**Task goal**
A full, word-for-word copy of the listing below is needed; leave the images out of it.

**Provided material**
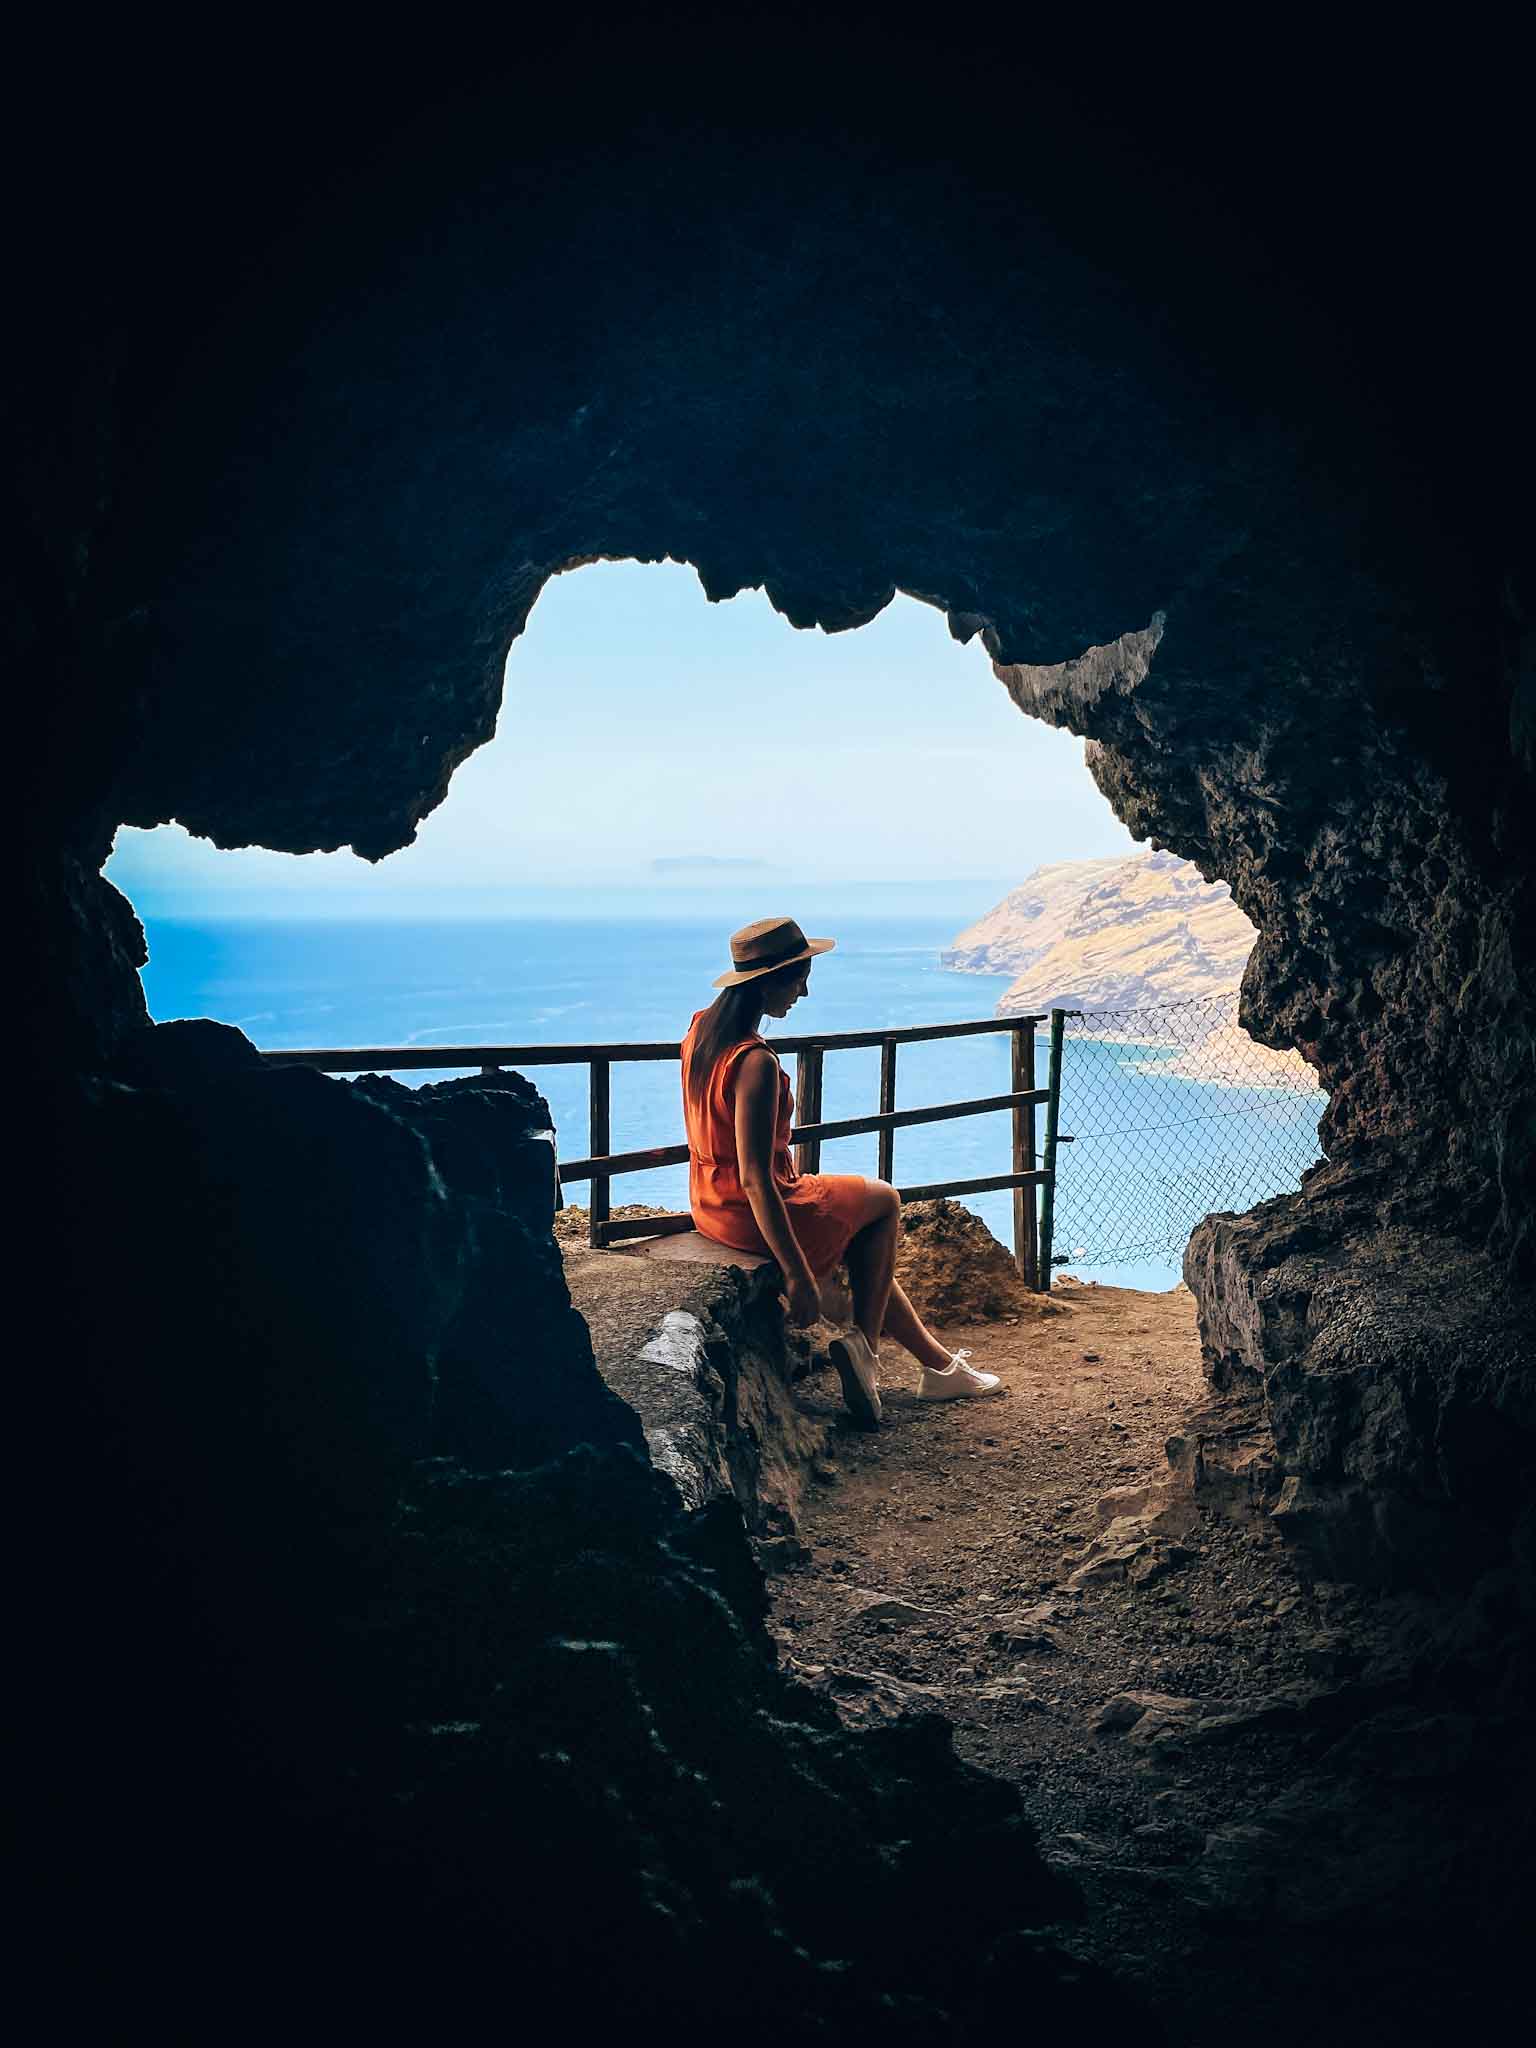 Best Instagram spots in La Palma Canary Islands - Tunnel to Playa de la Veta
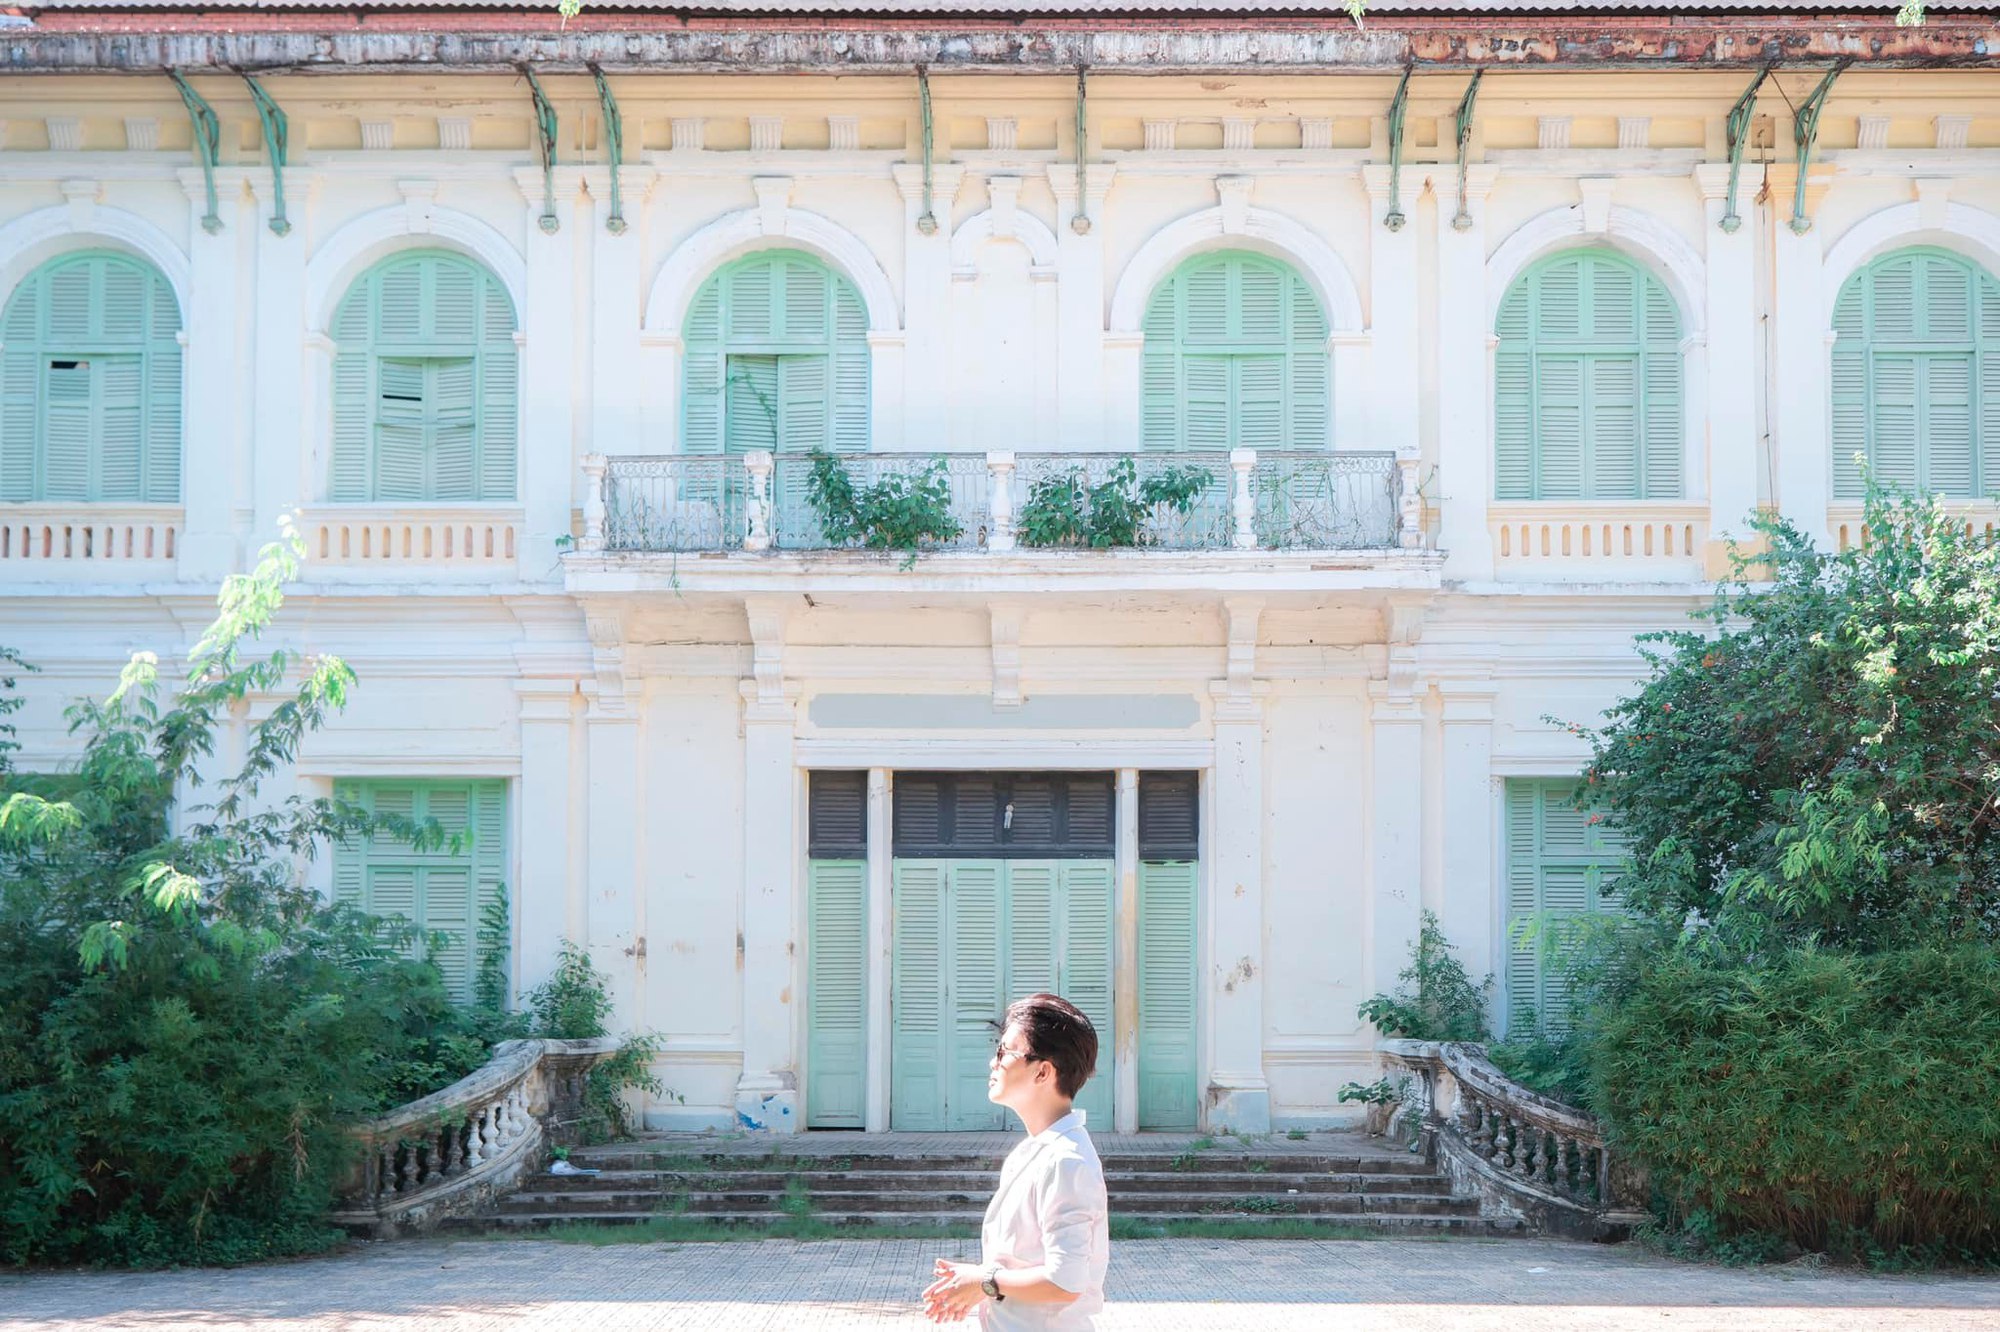 Du khách đến Tiền Giang chuộng khám phá các ngôi nhà cổ mang đậm giá trị lịch sử - văn hoá - ảnh 12
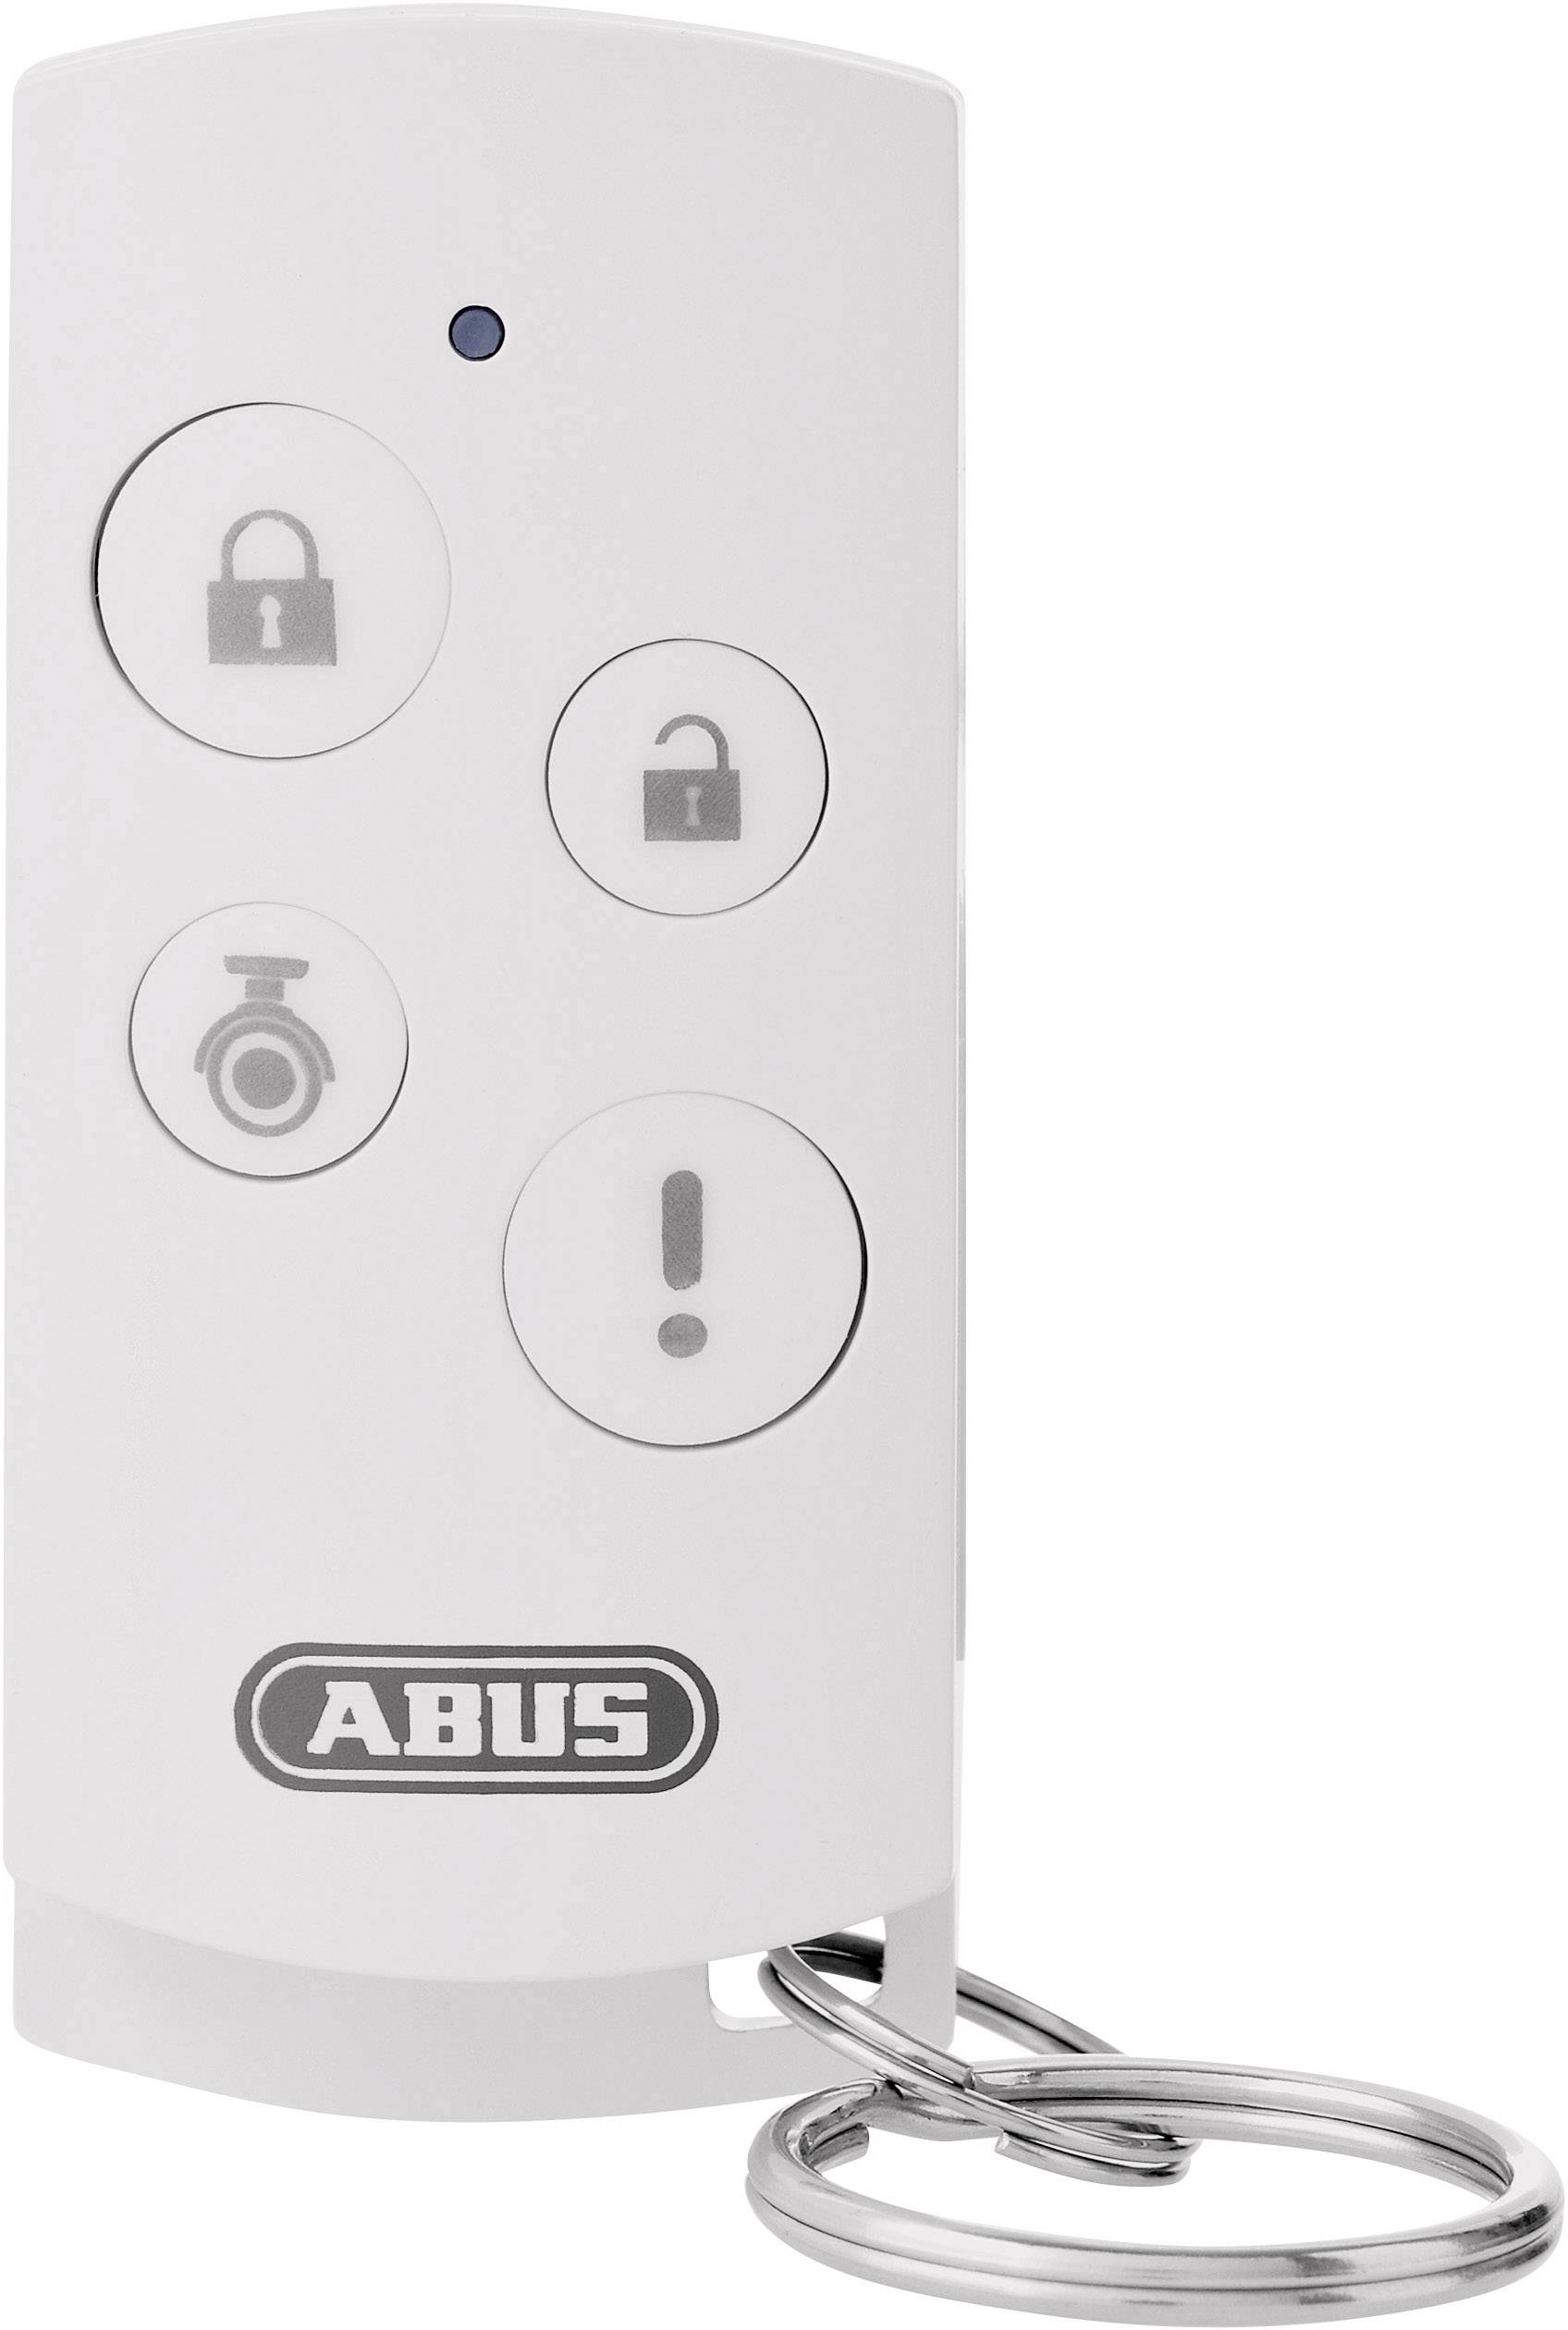 ABUS Smartvest Funk-Fernbedienung für Alarmanlage - Replay geschützt

**Expected answer**
 Best Instagram spots in La Palma Canary Islands - Tunnel to Playa de la Veta
 Du khách đến Tiền Giang chuộng khám phá các ngôi nhà cổ mang đậm giá trị lịch sử - văn hoá - ảnh 12
 ABUS Smartvest Funk-Fernbedienung für Alarmanlage - Replay geschützt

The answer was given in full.